- _Task to carry out_:
Below are some records. Return exactly the lines from the one containing "Etekcity Smart Digital" through the one containing "Skater Gloves - Women-Glove-Auclair-XL-BLACK/WHITE-Auclair", both included, and only those.

Stored data entries
>>

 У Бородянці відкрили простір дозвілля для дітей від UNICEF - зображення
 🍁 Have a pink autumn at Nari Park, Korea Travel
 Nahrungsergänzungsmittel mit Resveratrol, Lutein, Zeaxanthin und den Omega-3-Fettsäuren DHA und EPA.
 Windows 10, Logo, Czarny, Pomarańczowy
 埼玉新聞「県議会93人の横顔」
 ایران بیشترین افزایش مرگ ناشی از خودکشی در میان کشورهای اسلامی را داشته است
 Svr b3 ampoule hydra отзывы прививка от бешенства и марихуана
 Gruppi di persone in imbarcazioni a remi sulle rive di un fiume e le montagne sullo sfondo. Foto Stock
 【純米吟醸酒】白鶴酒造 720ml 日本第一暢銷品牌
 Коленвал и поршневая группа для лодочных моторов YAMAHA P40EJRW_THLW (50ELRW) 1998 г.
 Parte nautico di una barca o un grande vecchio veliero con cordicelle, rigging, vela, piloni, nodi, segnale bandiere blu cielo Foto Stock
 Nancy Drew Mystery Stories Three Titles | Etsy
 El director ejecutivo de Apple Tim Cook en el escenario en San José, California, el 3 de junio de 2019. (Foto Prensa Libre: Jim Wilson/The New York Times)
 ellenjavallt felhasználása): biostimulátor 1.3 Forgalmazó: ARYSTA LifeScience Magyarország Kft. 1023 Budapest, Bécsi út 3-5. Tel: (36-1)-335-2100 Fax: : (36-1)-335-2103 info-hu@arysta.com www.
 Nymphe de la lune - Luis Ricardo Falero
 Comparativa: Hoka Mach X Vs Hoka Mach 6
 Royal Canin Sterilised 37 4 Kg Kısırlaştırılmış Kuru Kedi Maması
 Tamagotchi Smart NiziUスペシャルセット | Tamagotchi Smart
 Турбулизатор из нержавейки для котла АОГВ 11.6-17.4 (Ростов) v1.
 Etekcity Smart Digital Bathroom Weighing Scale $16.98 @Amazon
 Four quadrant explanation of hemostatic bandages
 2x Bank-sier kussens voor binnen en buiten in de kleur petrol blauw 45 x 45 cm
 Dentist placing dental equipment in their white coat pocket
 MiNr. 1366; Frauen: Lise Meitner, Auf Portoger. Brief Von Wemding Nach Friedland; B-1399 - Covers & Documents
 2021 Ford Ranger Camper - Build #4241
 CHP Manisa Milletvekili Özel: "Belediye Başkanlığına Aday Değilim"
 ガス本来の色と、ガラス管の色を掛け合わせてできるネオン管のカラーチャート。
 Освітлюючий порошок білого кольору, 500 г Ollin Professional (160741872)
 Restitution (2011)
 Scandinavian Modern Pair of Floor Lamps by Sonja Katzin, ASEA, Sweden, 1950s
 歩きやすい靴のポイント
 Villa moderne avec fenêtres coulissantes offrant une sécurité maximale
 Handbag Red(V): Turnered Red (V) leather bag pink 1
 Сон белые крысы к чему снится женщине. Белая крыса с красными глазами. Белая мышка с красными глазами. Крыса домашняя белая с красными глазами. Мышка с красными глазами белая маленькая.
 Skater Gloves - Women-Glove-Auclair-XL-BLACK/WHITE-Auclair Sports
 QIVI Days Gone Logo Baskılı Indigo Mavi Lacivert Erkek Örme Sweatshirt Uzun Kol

<<

- _Answer space_:
 Etekcity Smart Digital Bathroom Weighing Scale $16.98 @Amazon
 Four quadrant explanation of hemostatic bandages
 2x Bank-sier kussens voor binnen en buiten in de kleur petrol blauw 45 x 45 cm
 Dentist placing dental equipment in their white coat pocket
 MiNr. 1366; Frauen: Lise Meitner, Auf Portoger. Brief Von Wemding Nach Friedland; B-1399 - Covers & Documents
 2021 Ford Ranger Camper - Build #4241
 CHP Manisa Milletvekili Özel: "Belediye Başkanlığına Aday Değilim"
 ガス本来の色と、ガラス管の色を掛け合わせてできるネオン管のカラーチャート。
 Освітлюючий порошок білого кольору, 500 г Ollin Professional (160741872)
 Restitution (2011)
 Scandinavian Modern Pair of Floor Lamps by Sonja Katzin, ASEA, Sweden, 1950s
 歩きやすい靴のポイント
 Villa moderne avec fenêtres coulissantes offrant une sécurité maximale
 Handbag Red(V): Turnered Red (V) leather bag pink 1
 Сон белые крысы к чему снится женщине. Белая крыса с красными глазами. Белая мышка с красными глазами. Крыса домашняя белая с красными глазами. Мышка с красными глазами белая маленькая.
 Skater Gloves - Women-Glove-Auclair-XL-BLACK/WHITE-Auclair Sports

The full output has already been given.